WBBG

Niles, Ohio; United States;
- Broadcast area: Youngstown, Ohio
- Frequency: 106.1 MHz (HD Radio)
- Branding: 106.1 the Bull

Programming
- Format: Country music
- Affiliations: Premiere Networks Ohio State Sports Network

Ownership
- Owner: iHeartMedia, Inc.; (iHM Licenses, LLC);
- Sister stations: WAKZ, WKBN, WMXY, WNCD, WNIO

History
- First air date: May 15, 1988
- Former call signs: WNCD (1988–2000)
- Call sign meaning: former "BiG" branding

Technical information
- Facility ID: 73309
- Class: A
- ERP: 3,000 watts
- HAAT: 100 meters (330 ft)
- Transmitter coordinates: 41°15′50″N 80°45′36″W﻿ / ﻿41.264°N 80.760°W

Links
- Webcast: Listen live (via iHeartRadio)
- Website: 1061thebullyoungstown.iheart.com

= WBBG =

WBBG (106.1 FM) is a commercial radio station in Youngstown, Ohio, market with a country music format.
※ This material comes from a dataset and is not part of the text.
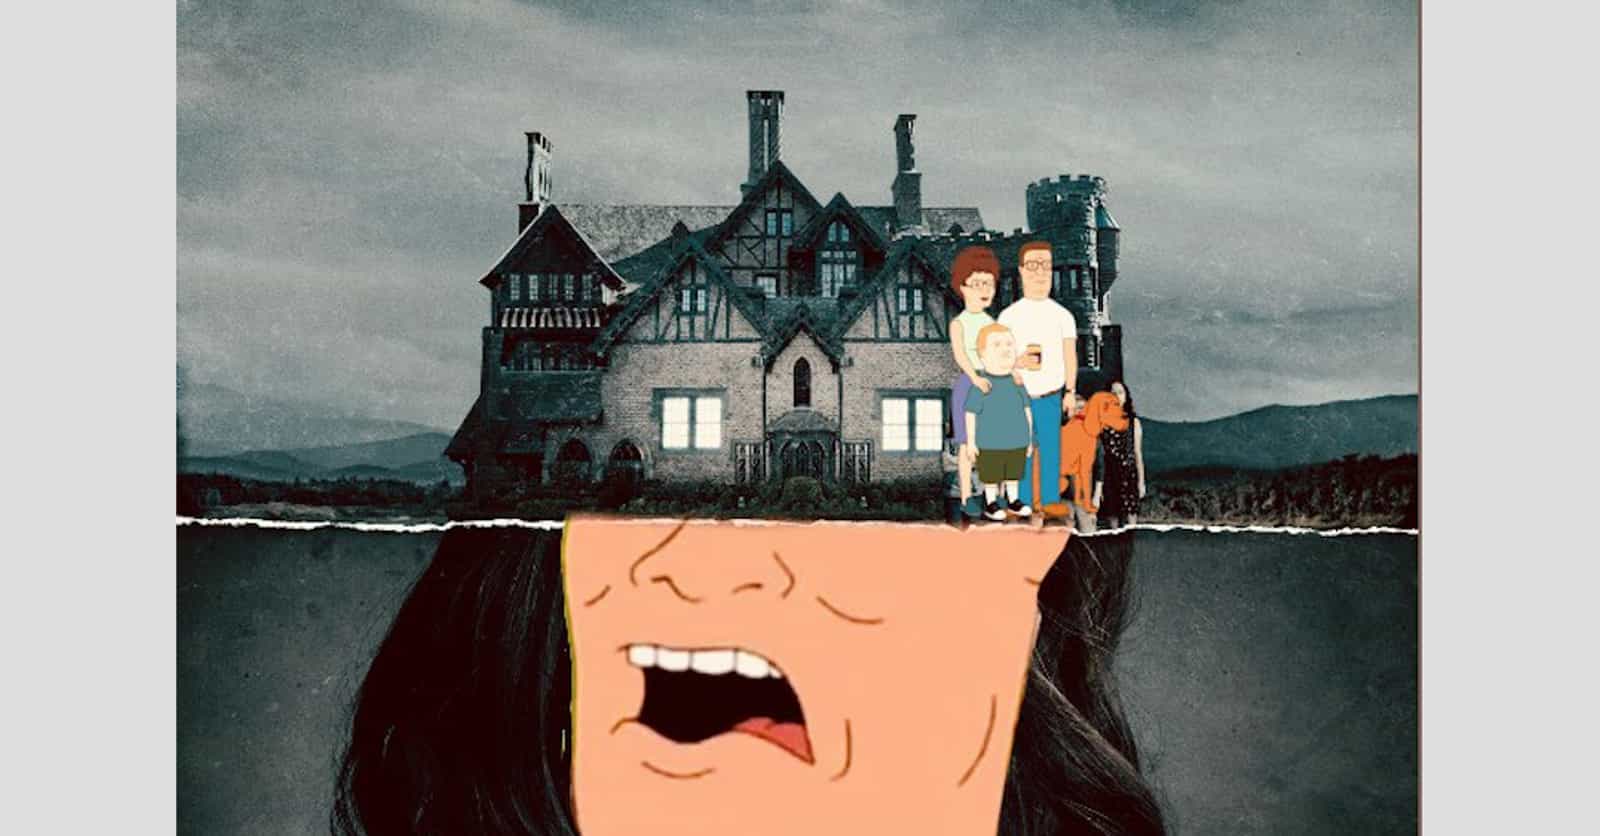 The Funniest Tweets About 'The Haunting of Hill House'

The station is licensed to Niles, Ohio. WBBG is also a local affiliate for the Ohio State Sports Network football games.

The station first signed on the air as WNCD, licensed on October 29, 1987 (it signed back on May 15, 1988). It changed its call sign to WBBG on October 30, 2000, after the two stations swapped signals on August 30, 2000.

The WBBG call letters were used on a Cleveland AM station (at 1260-AM) from 1978 until 1987; the current WBBG picked them up on June 27, 1988, also as a reflection of its former AM sister station, WBBW 1240 kHz.

In January 2016, WBBG shifted their format to classic hits, branded as "Big 106".

On April 25, 2016, WBBG dropped the classic hits and flipped to country as "106.1 The Bull".